Mailman/Monitoring

From Wikitech

Logs are in /var/log/mailman3 and /var/log/mailman3/web, rotated daily with a max retention of 30 days. In the future they may end up in logstash too.

mailman3_runners

PROCS CRITICAL: 13 processes with UID = 38 (list), regex args '/usr/lib/mailman3/bin/runner'

Mailman3 has a number of job runners that process the in/out/bounces/virgin/etc. queues. There's a known bug upstream that the runners don't automatically restart when they crash. This alert detects that one of them has crashed and needs a restart. Currently the fix is to systemctl restart mailman3.

mailman3_queue_size

CRITICAL: 1 mailman3 queues above limits: bounces is 1053 (limit: 25)

Monitors the size of the in, virgin and bounces queues. You can also see the size on this dashboard. If this alert is firing, something most likely has happened to one of the runners (and the above mailman3_runners alert has fired too) and needs a restart (systemctl restart mailman3).
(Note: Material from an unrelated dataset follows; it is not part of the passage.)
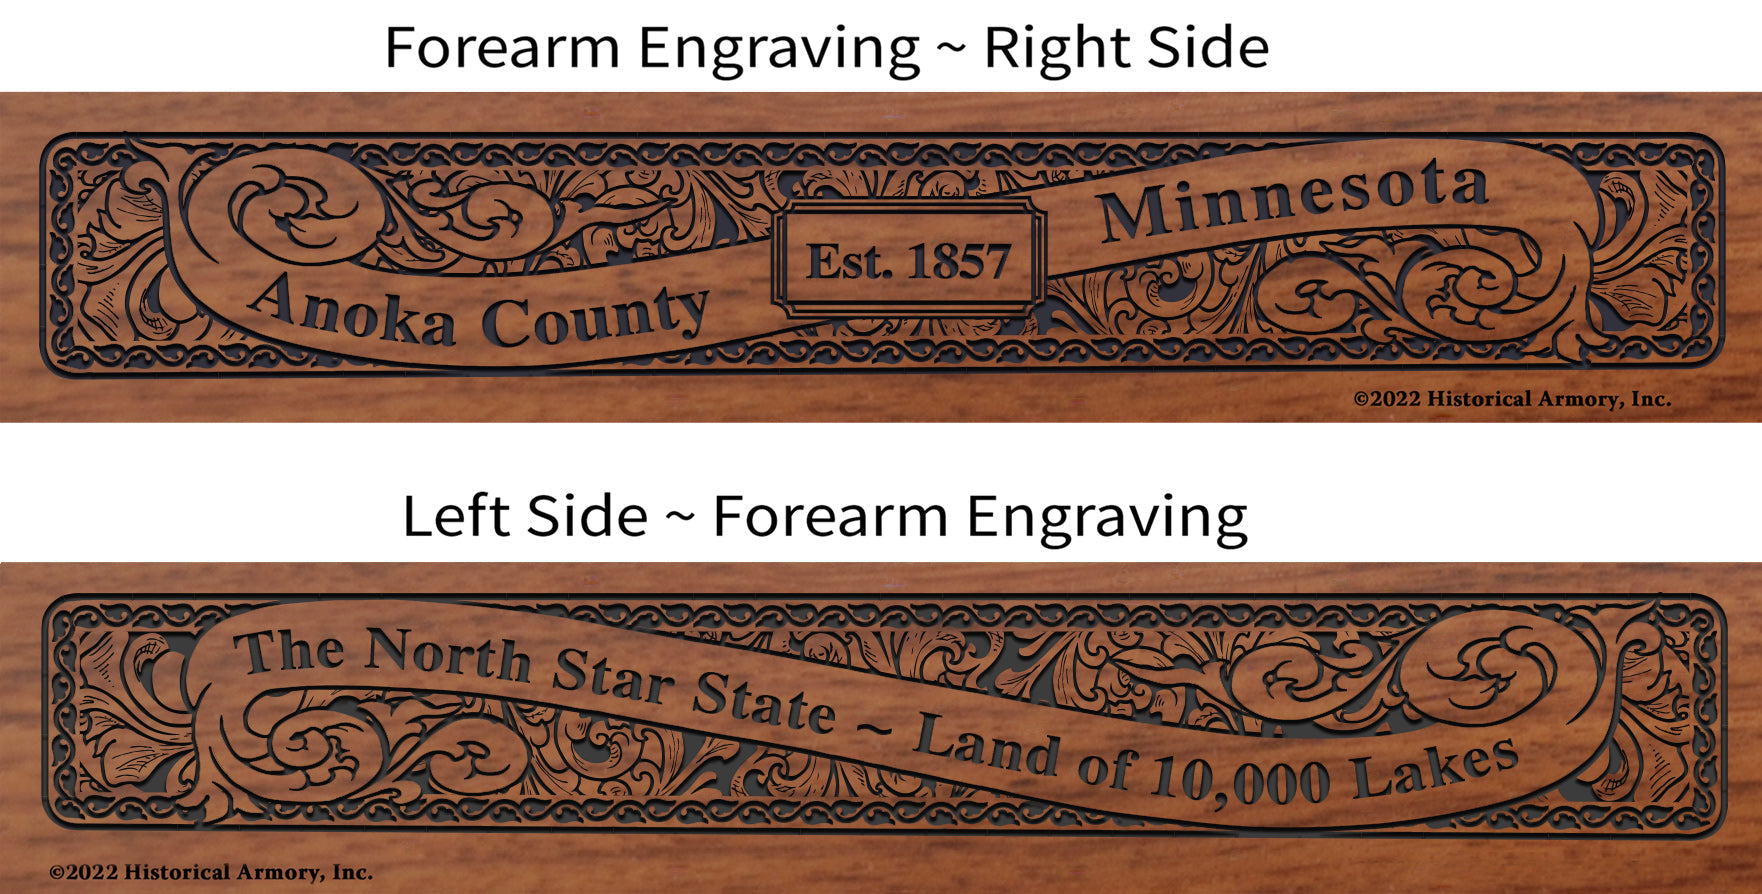 Anoka County Minnesota Engraved Rifle Forearm

You can look at the queue files in /var/lib/mailman3/queues/<name>. Each file in the queue is a pickled file, you can dump it with mailman-wrapper qfile <filename> or just pickle.load(open('<filename>')).
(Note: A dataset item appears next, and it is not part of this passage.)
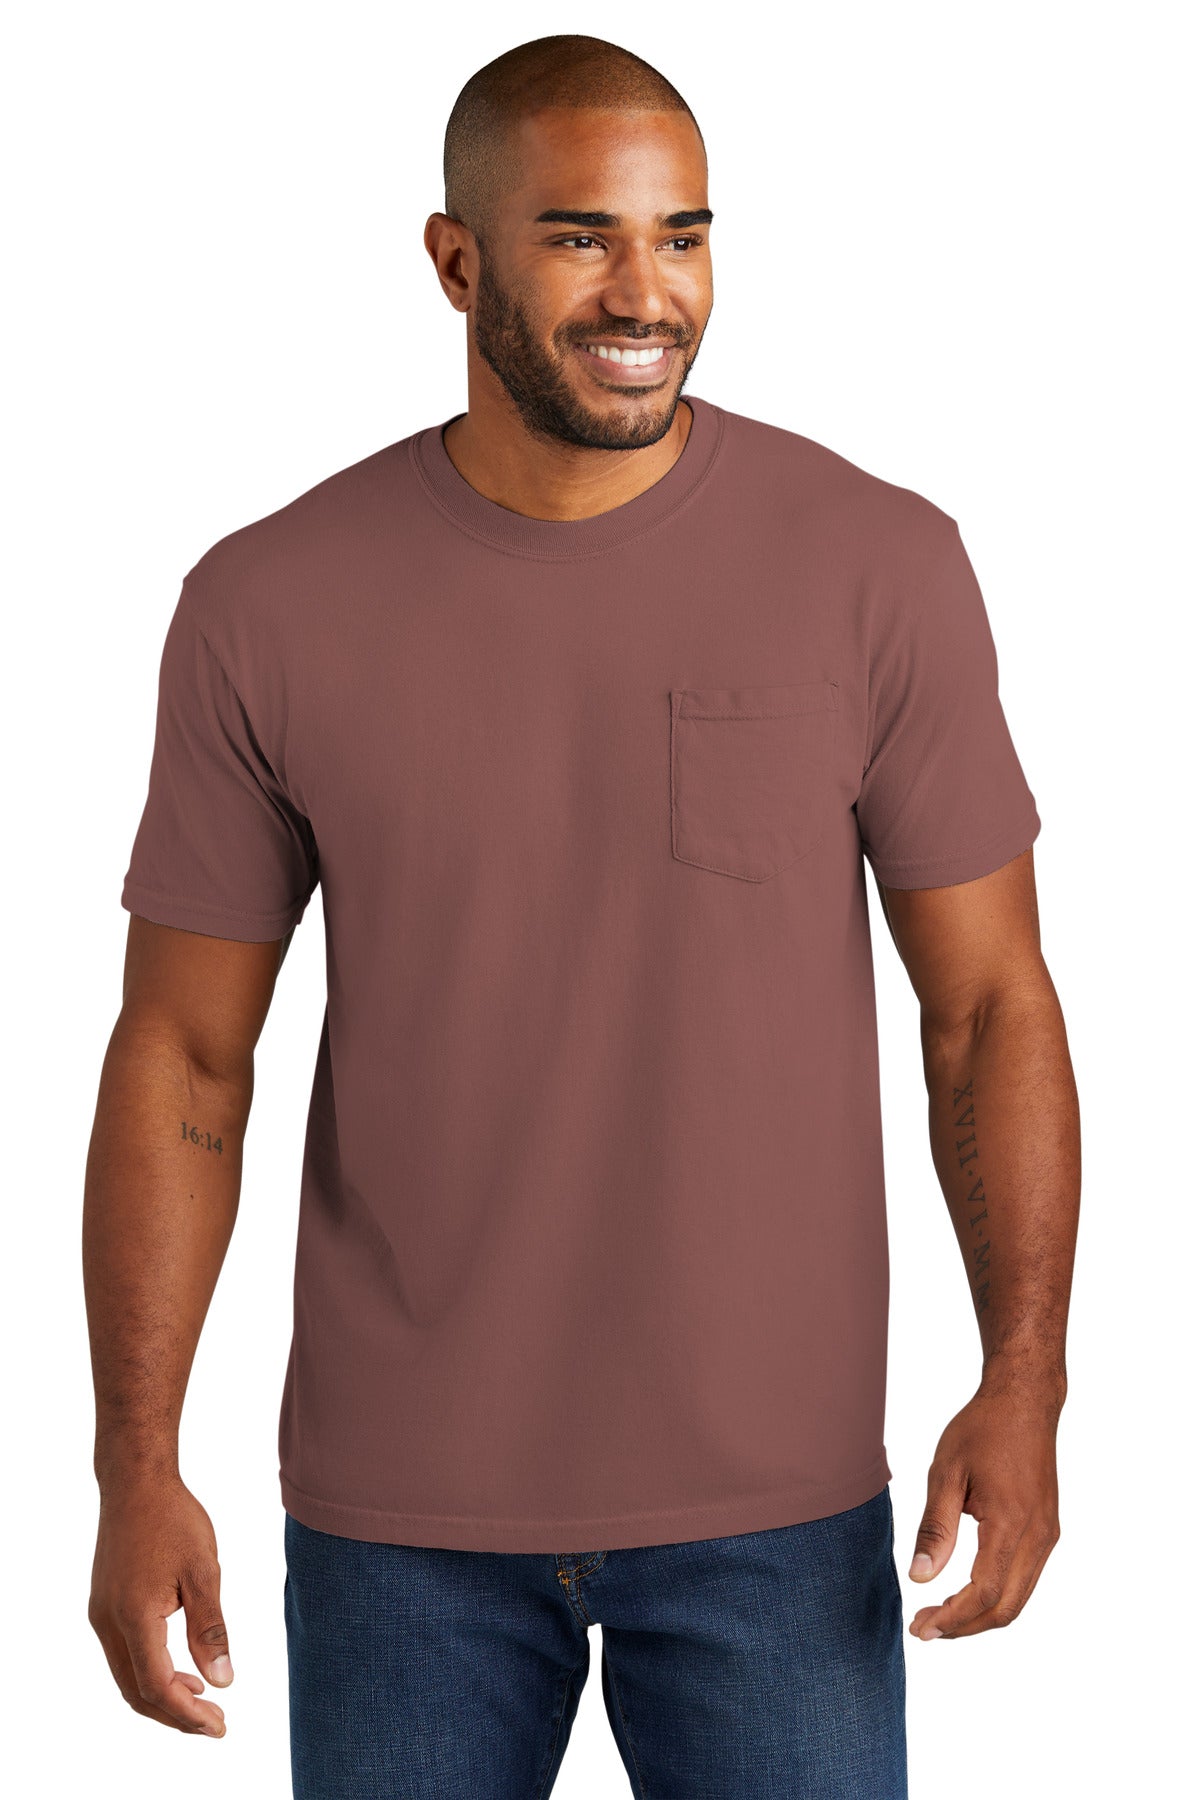 Classic Unisex T Shirt Comfort Colors 1717 - Print on demand

The out queue size will not alert because it is common for it to reach ~hundreds of emails when someone emails a large list.

Misc stuff

We monitor a few key components:

  • HTTP
    • mailman archives: (hyperkitty) Are the archives for wikimedia-l reachable?
      • If not, check apache2.service and mailman3-web.service.
    • mailman list info: (postorius) Is the subscribe page for wikimedia-l reachable?
      • If not, check apache2.service and mailman3-web.service.
  • Queues
    • Mailman outbound queue hours until empty: How long will it take to drain the out queue?
      • If it's going to take a long time, check:
        • Date and time of day. Historically, the first of the month has the longest queue of about 15+ hours long and 08:00 UTC each day about 1+ hours long.
        • dashboard
        • logs in /var/log/mailman3 and /var/log/exim4
        • you may have to look at the messages themselves in /var/lib/mailman3/queues/out to see what is queued up/not sending.